# Flying with some Dirty Blondes



## Lil_Tate (Dec 18, 2006)

*Re: Full Moon with some Dirty Blondes*

sick pix Sam
as always u da man...
what kind of fly set up is that?


----------



## ucfsae81 (Dec 5, 2007)

wow as always great pics, i wish i could fish as much as you do and it was a burden to catch redfish all day


----------



## Spook (Apr 6, 2007)

That last one is a fatty. How do you like that TFO reel?

Elie


----------



## St._Sophie_Girl (Dec 13, 2006)

Awesome Sam! At first when you said dirty blonde I thought you were talking about me... ;D


----------



## Ron_W. (Dec 14, 2006)

Sweet! To calm, To many fish and no other boats, I hope to suffer those condition one day. ;D


----------



## tom_in_orl (Dec 9, 2006)

Congrats!
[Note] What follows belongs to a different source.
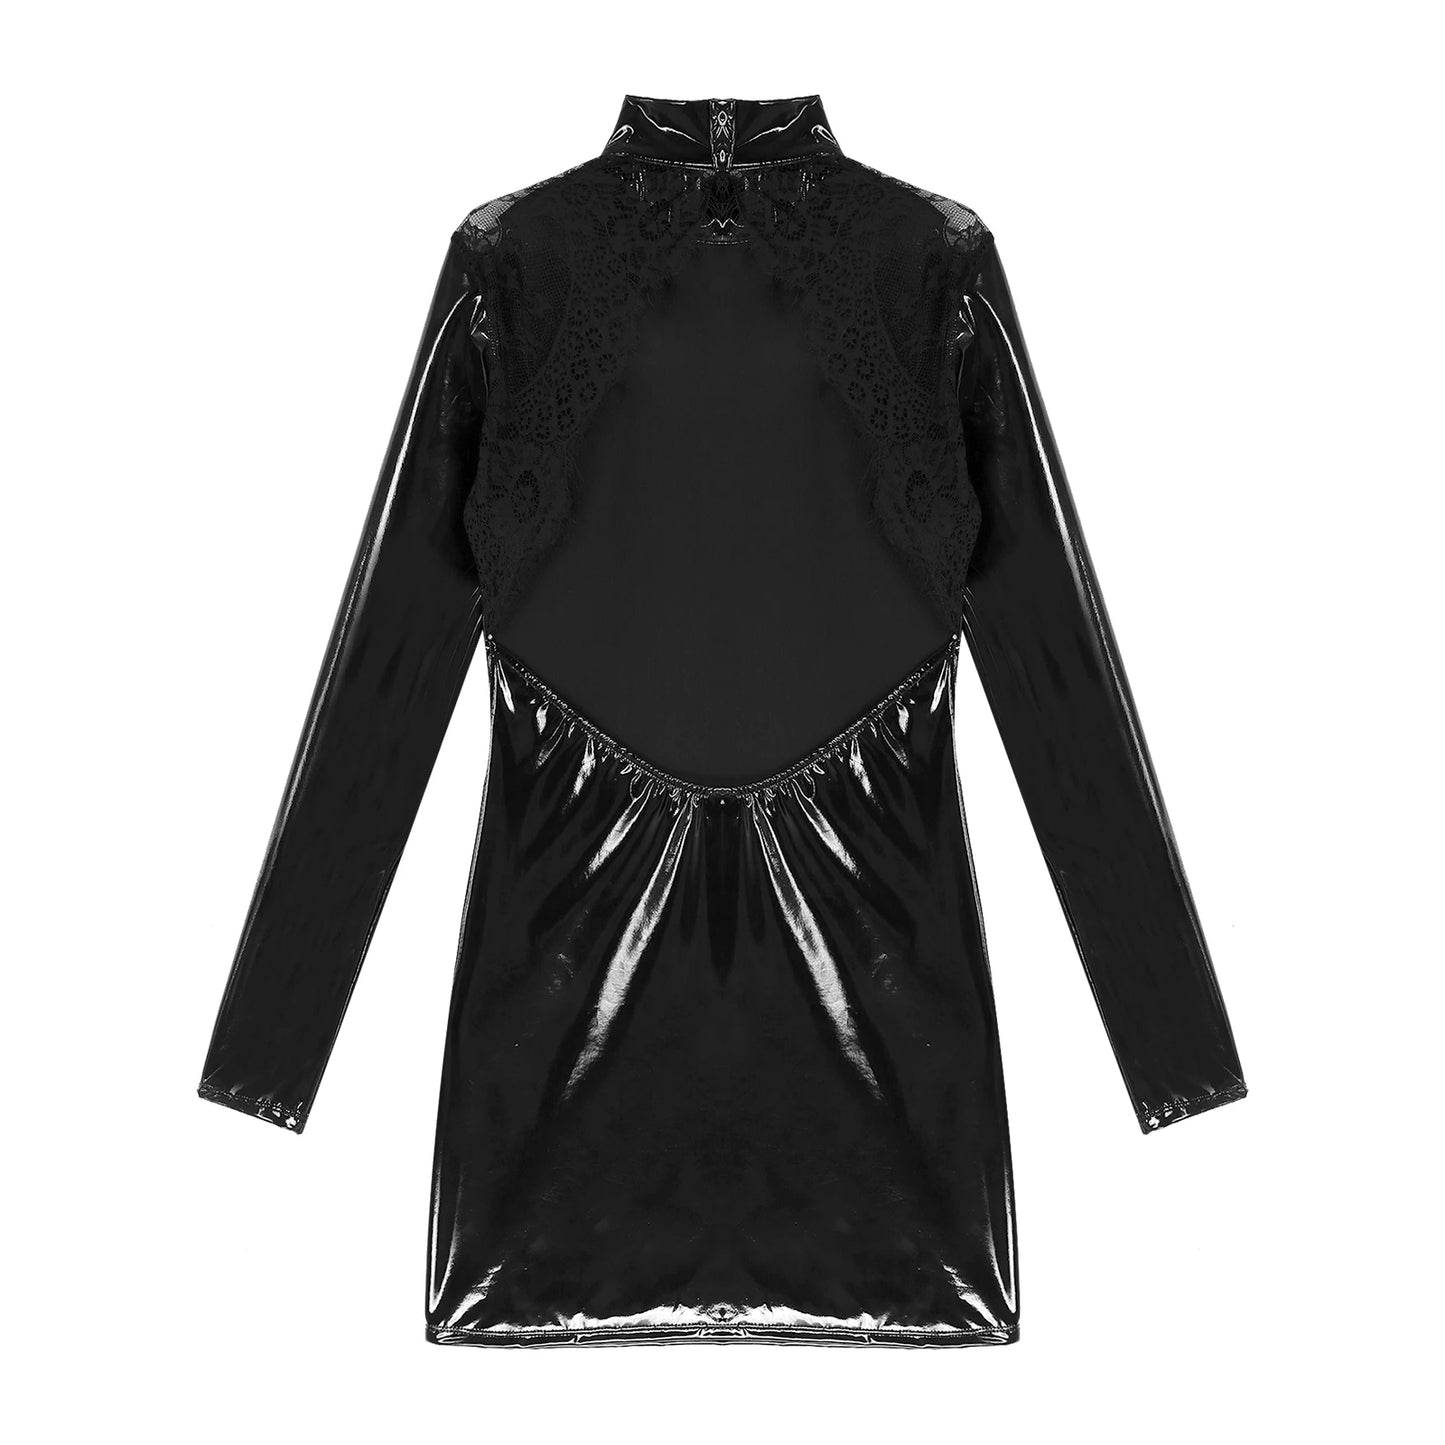 Women Latex Clubwear for Nightclub Party Dance Lace Backless Long Sleeve Dress Wetlook Patent Leather Mock Neck Bodycon Dresses

Those are some sweet reds on fly.


----------



## deerfly (Mar 10, 2007)

Sam, glad you broke the ice on fly, congrats for sure.  Now we expect to see a lot more of the same.


----------



## thresher (Dec 18, 2006)

This photo should be an ECC ad! LOOK HOW SKINNY THAT WATER IS!?!!?!! one1! Wow.


----------